Looking forward, we'll expect that our burn will go up as we get the NEWTON-2 study really underway, as we commence the study of EG-1962 in cisternal administration. The one thing we do say about our cash burn is that we anticipate our cash will be sufficient to fund our operations through full data readout, which we anticipate if enrollment matches our models, it will happen sometime in the third quarter of 2018.

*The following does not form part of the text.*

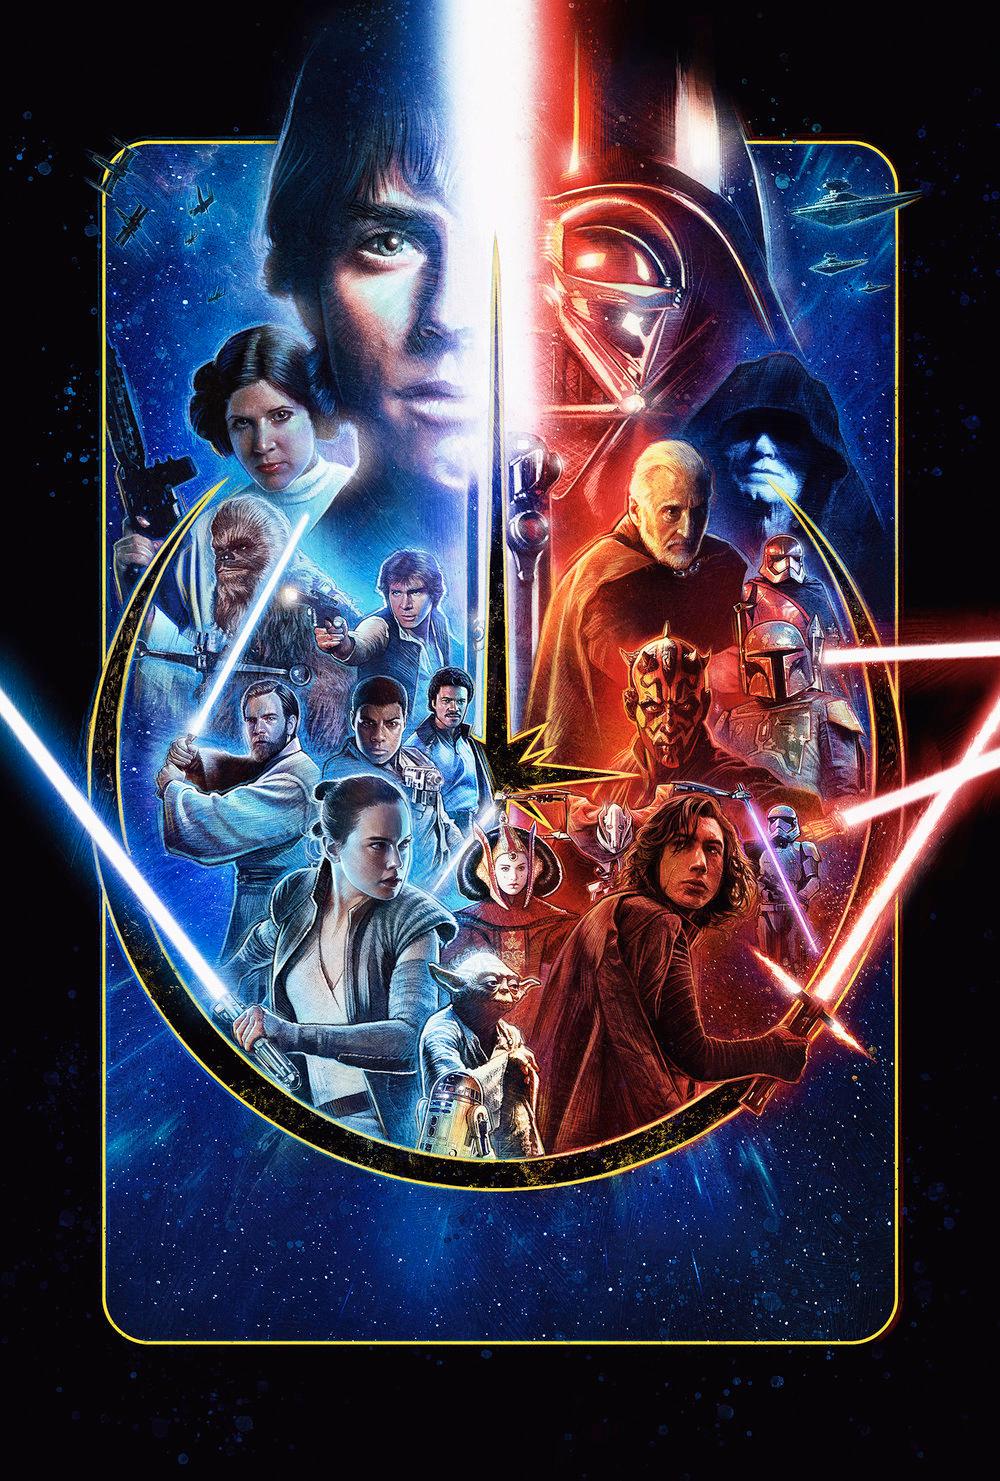 Paul Shipper Studio Star Wars Celebration 2019 Key Art Star Wars Celebration Star Wars Action Figures Star Wars Wallpaper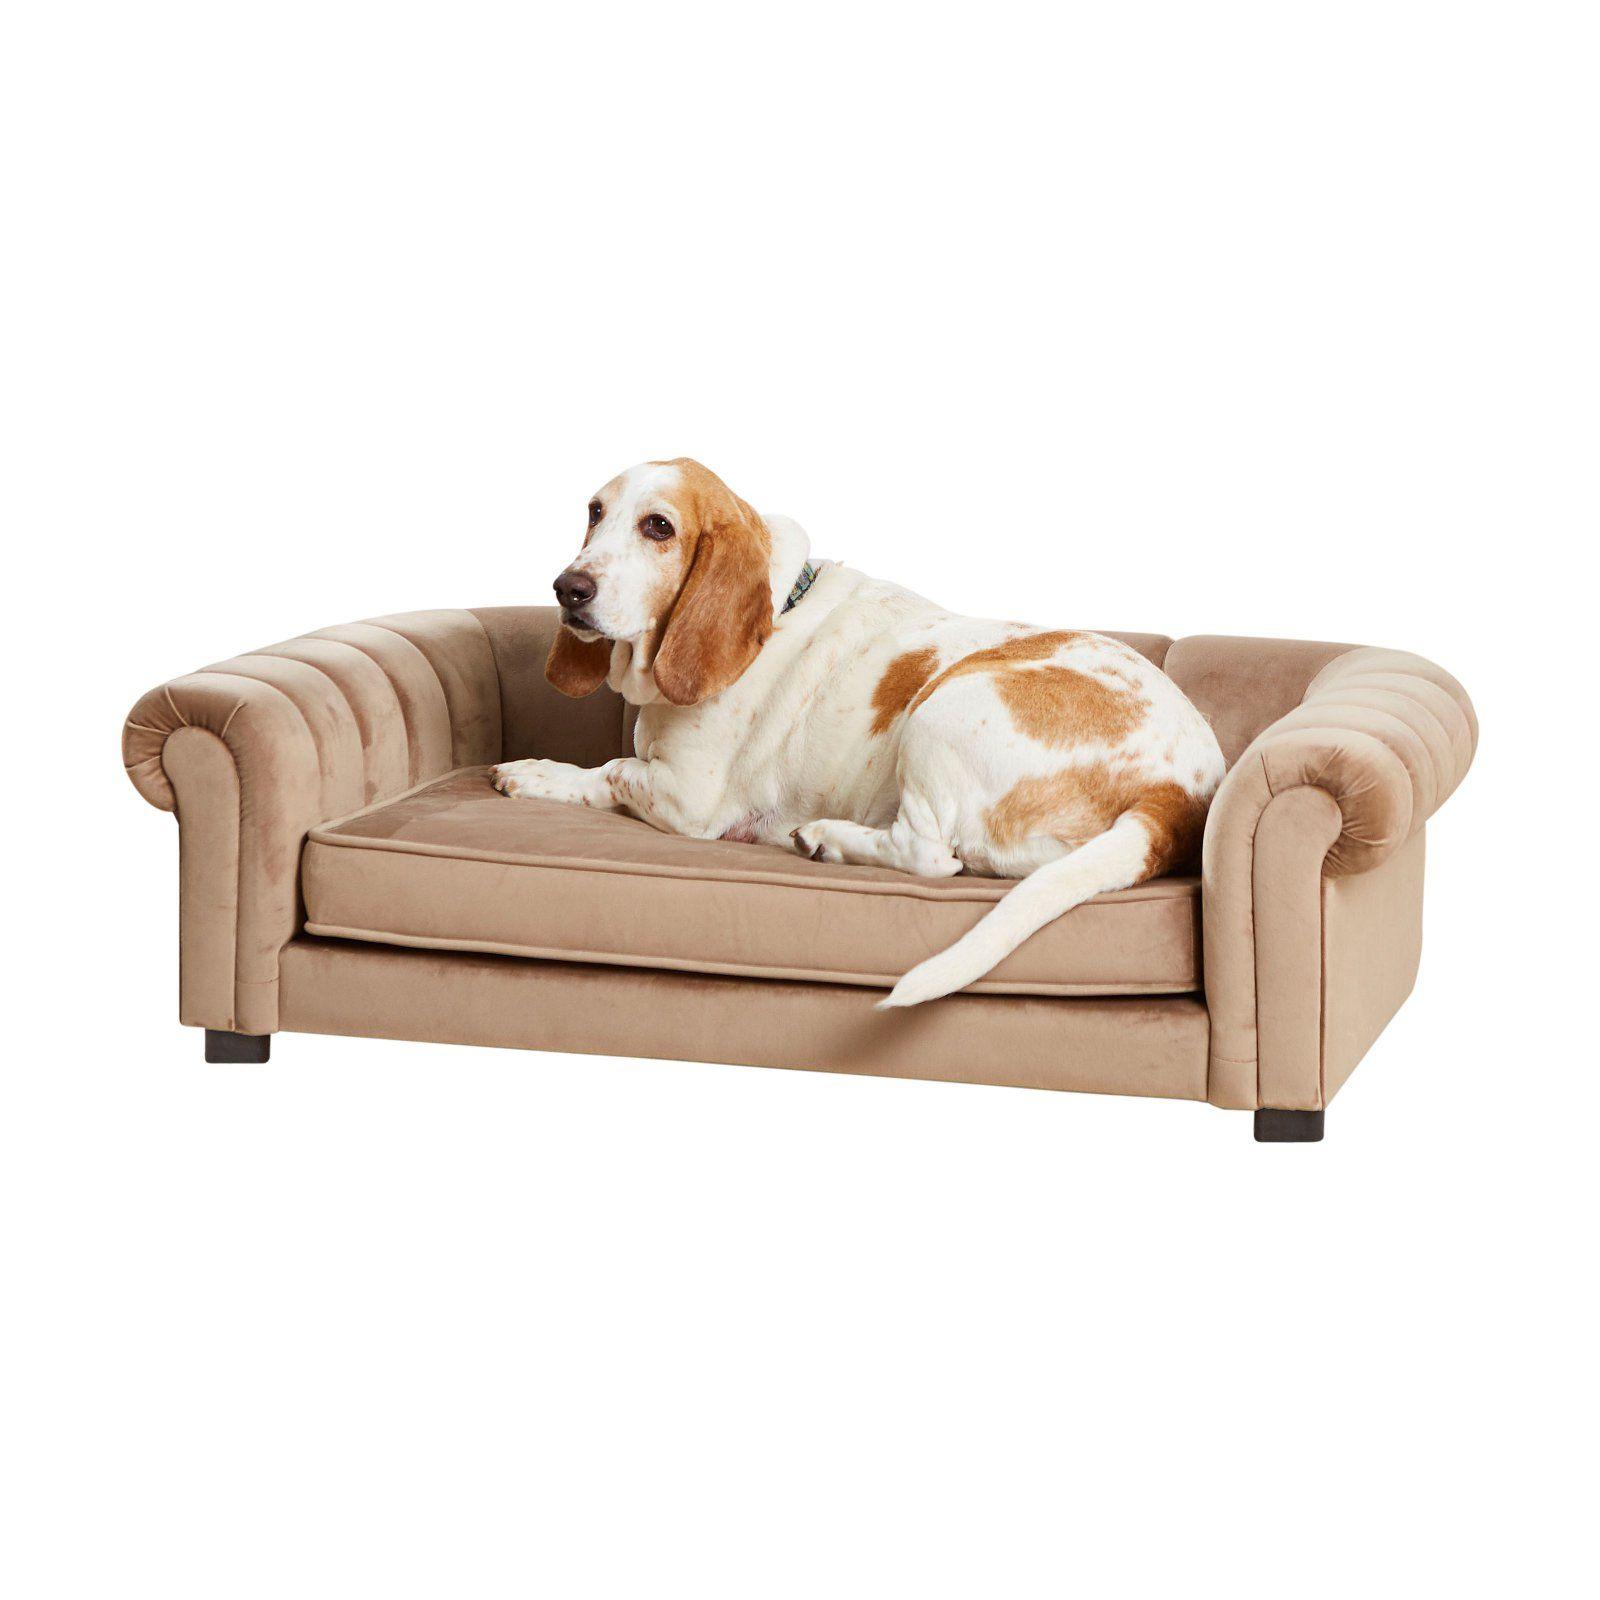 Enchanted Home Pet Sullivan Pet Sofa Pet beds, Pets, Bed

Okay, all right. Thank you.

And I'm not showing any further questions at this time. I would like to turn the call back to Mr. Brian Leuthner for any further remarks.

Thank you, and thanks for those questions. Going forward, we're going to continue to push forward and execute our plan in 2016 to enroll that first patient in the NEWTON study and also begin our cisternal study in order to really drive the value for Edge going forward. So, as Andy said, we're in a strong financial position to fund EG-1962 through Phase III completion as well as move forward the cisternal development for EG-1962 and our other products. So thank you very much for joining us this morning, and we look forward to seeing you soon. Thanks, again.

Ladies and gentlemen, thank you for participating in today's conference. This concludes today's program. You may all disconnect. Everyone, have a wonderful day.